The California-style “top-two jungle primary” voting method Lane County now uses for county elections makes for long election campaigns, pits candidates from the same party against each other, and limits voter choice. Let’s replace this archaic system with STAR Voting!
--Alan Zundel, co-petitioner
(This information furnished by Alan Zundel.)
Argument in Favor
As a former Democratic Oregon Legislator who has fought in too many needlessly partisan battles for better school funding, fairer taxes, and sensible actions to address climate change, I have first-hand experience with how dysfunctional our political system has become. An honest assessment of how we got here requires that we look at the primary election system that rewards extremists on both sides of the aisle.
Both progressive and conservative activists, and the special interests who use them, are fighting harder than ever before for their causes – expecting stronger adherence from elected officials to their narrow interests.
Whether you are a Republican or Democrat, just ask yourself, “Is it working?”
How are we doing on school funding, class sizes, music, art and PE?
How are we doing on gun safety laws?
How are we doing at making the government less costly and more functional?
How are we doing on making the tax code fairer?
How are we doing on addressing climate change?
It is tempting to blame the other party and double down on the system that created the problem in the first place and simply elect louder, more partisan voices – but we’ve already tried that. We need to stop the crazy-making.
We all know that our democracy was built on the simple idea that the majority rules, and a clear majority of Oregonians want solutions to all of these issues and more.

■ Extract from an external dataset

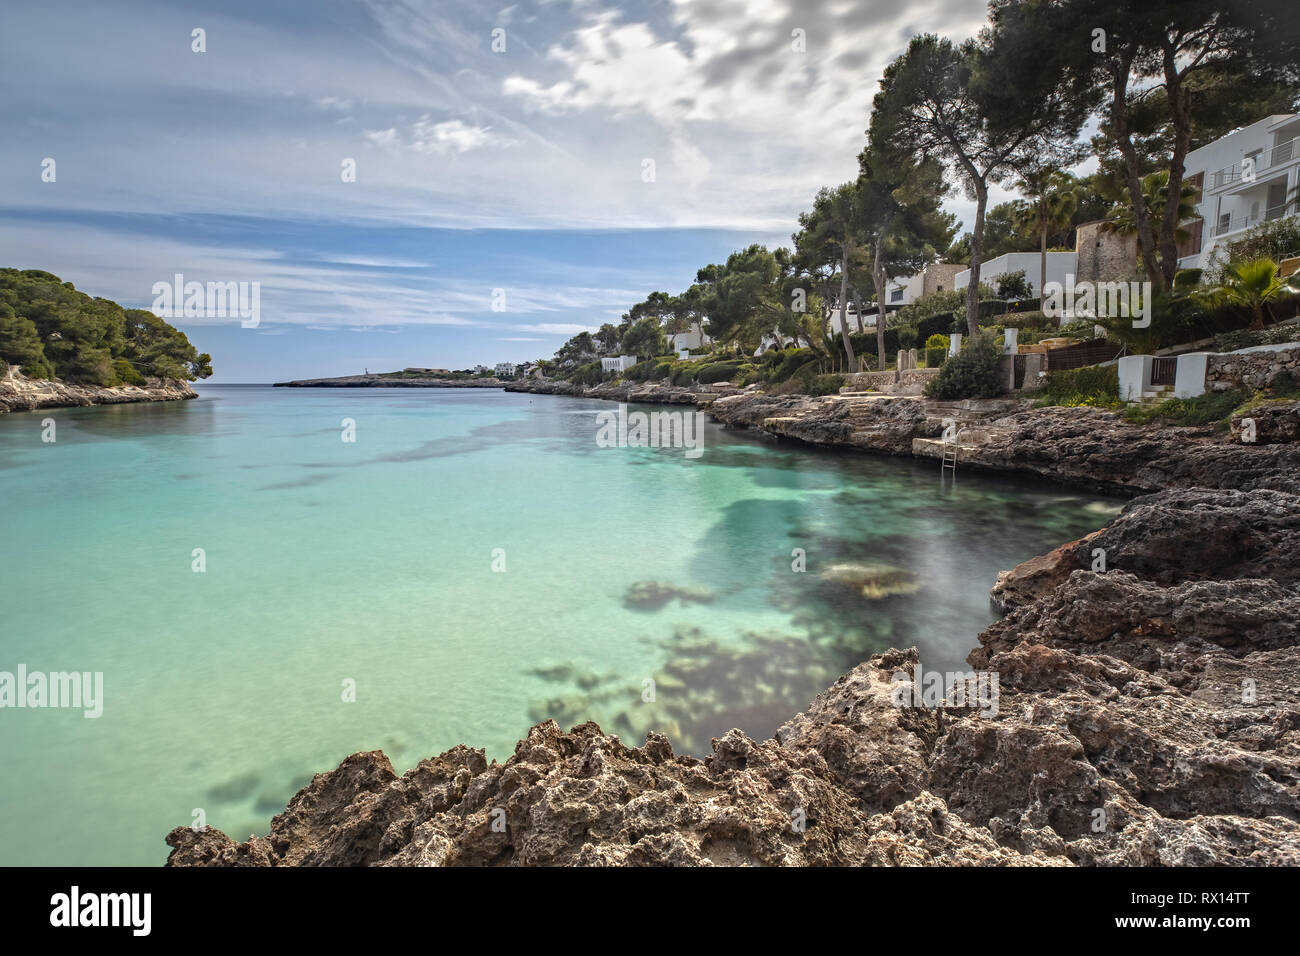 The Bay of Cala d'Or in Mallorca, Spain Stock Photo

But tribal warfare between the parties is at an all-time high due to the power of single-issue special interests and the primary election system that gives them their power. These special interests are like a bug in our election system. So it is time to reboot our democracy with an upgrade that addresses the bug.
If you want action on the issues that you and most Oregonians care about most, I encourage you to vote for an upgrade to the STAR Voting system.